* [WORK ITEM] Leave out every picture and set down, exactly, the lines below from the one holding "7 กันยายนนี้ Update" up to and including the one holding "Skull and roses".
BEGIN DATA LISTING
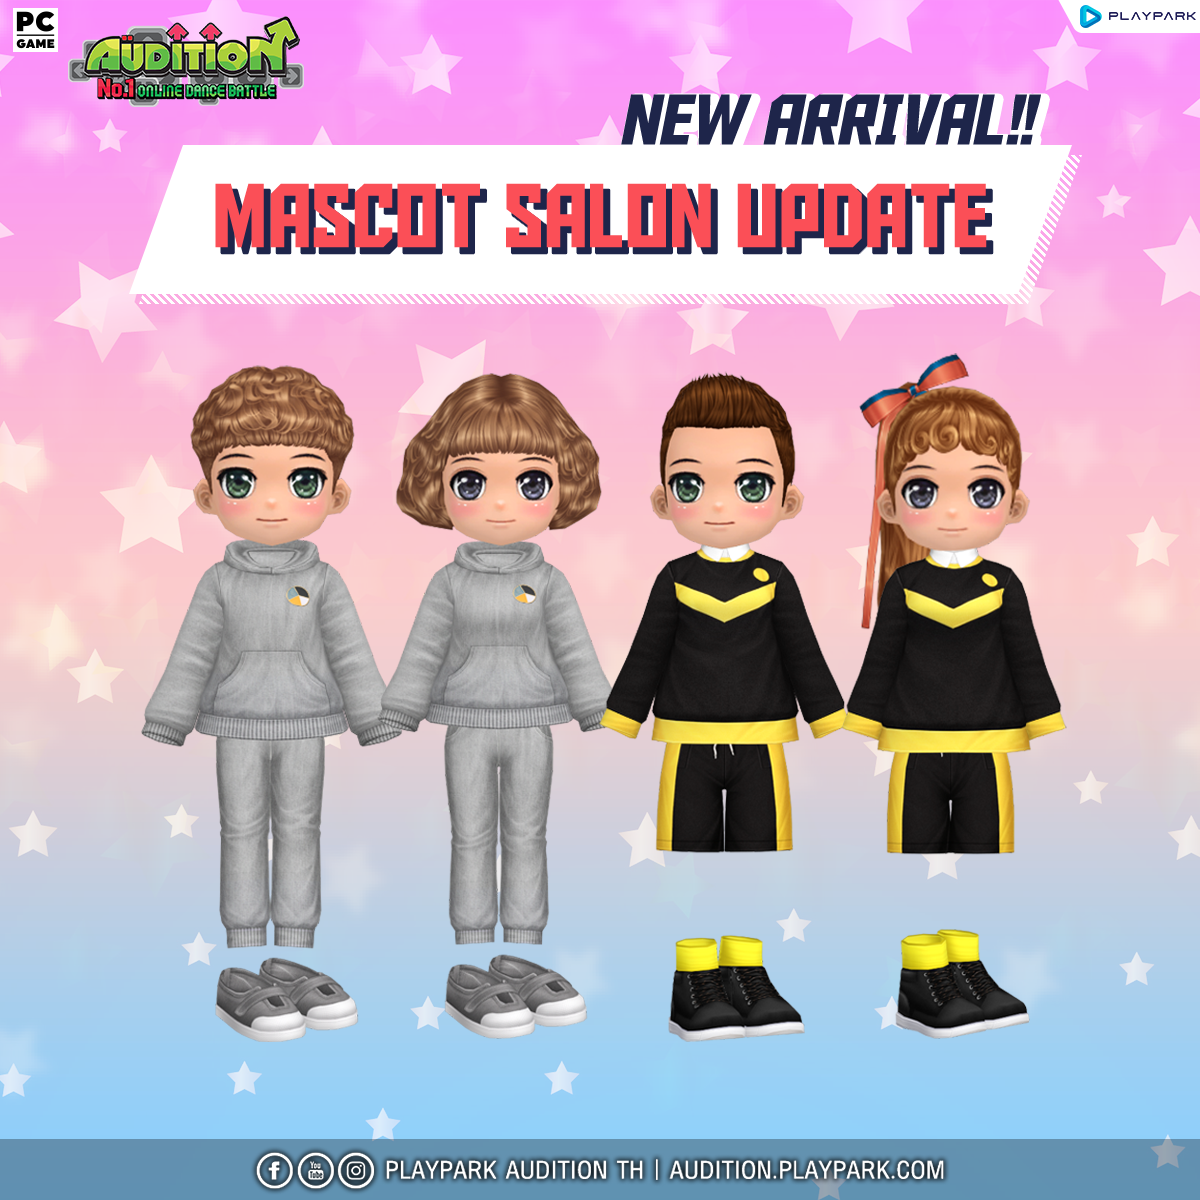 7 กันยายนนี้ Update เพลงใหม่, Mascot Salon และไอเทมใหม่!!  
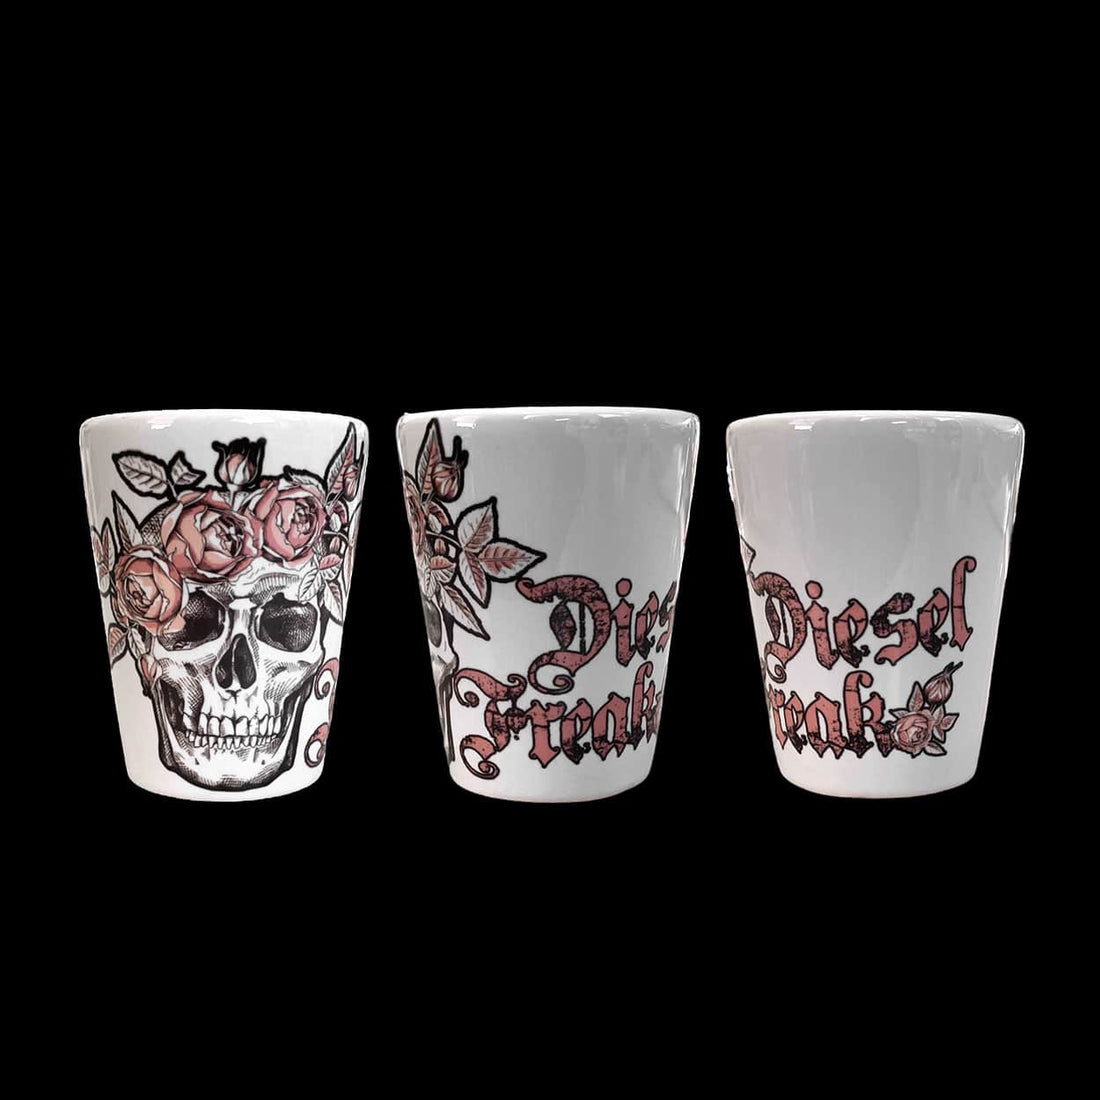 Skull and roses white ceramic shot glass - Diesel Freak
END DATA LISTING
BEGIN DATA LISTING
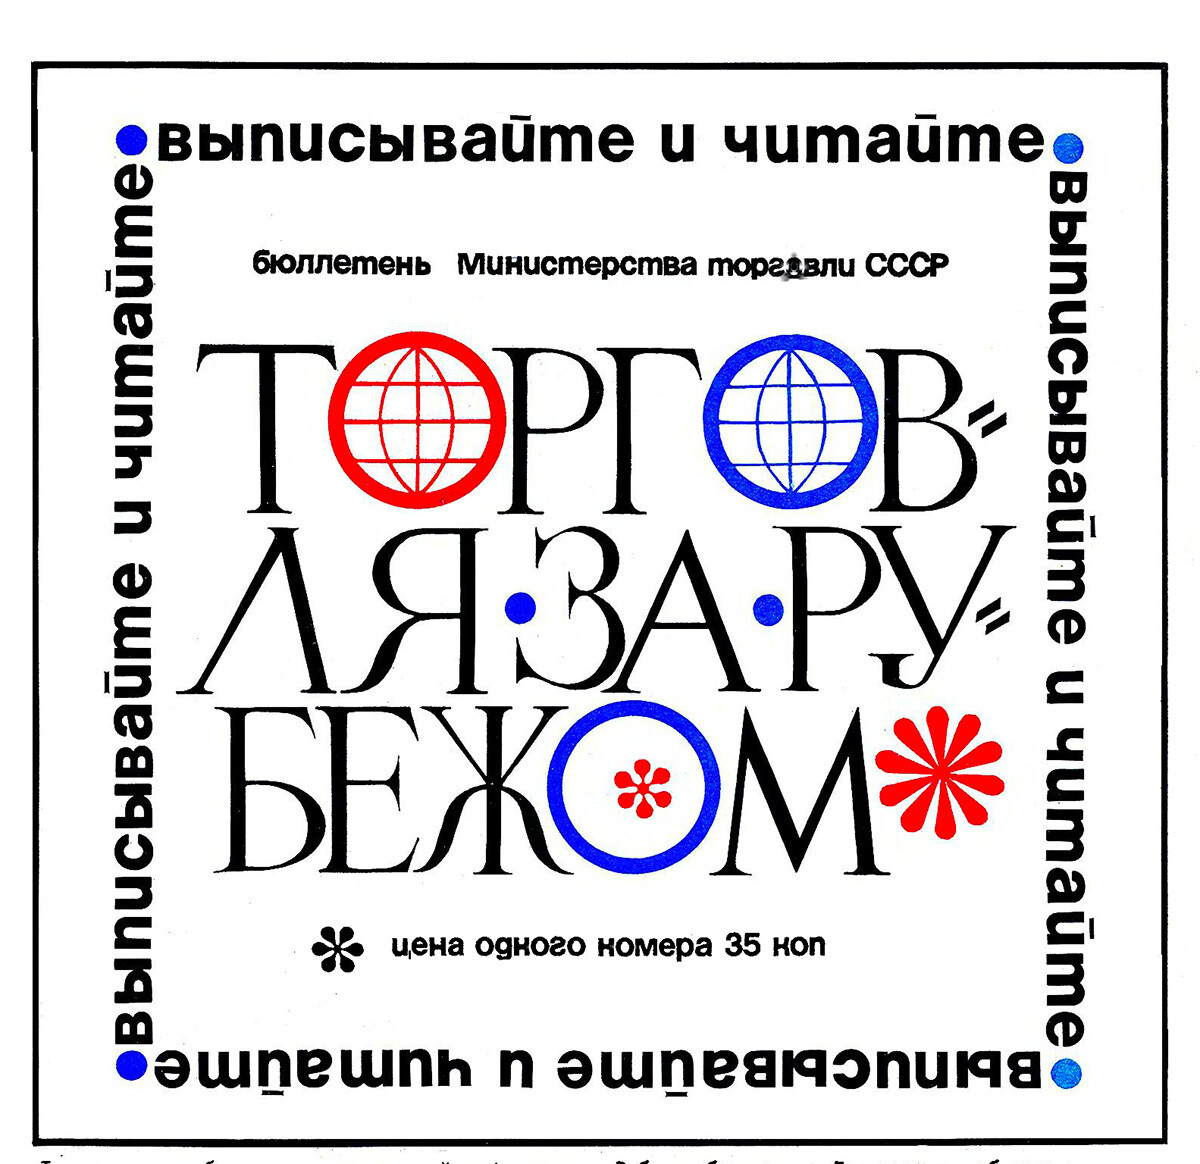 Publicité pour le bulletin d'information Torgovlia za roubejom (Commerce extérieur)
END DATA LISTING
* [EXERCISE RESULT]
 7 กันยายนนี้ Update เพลงใหม่, Mascot Salon และไอเทมใหม่!!  
 Skull and roses white ceramic shot glass - Diesel Freak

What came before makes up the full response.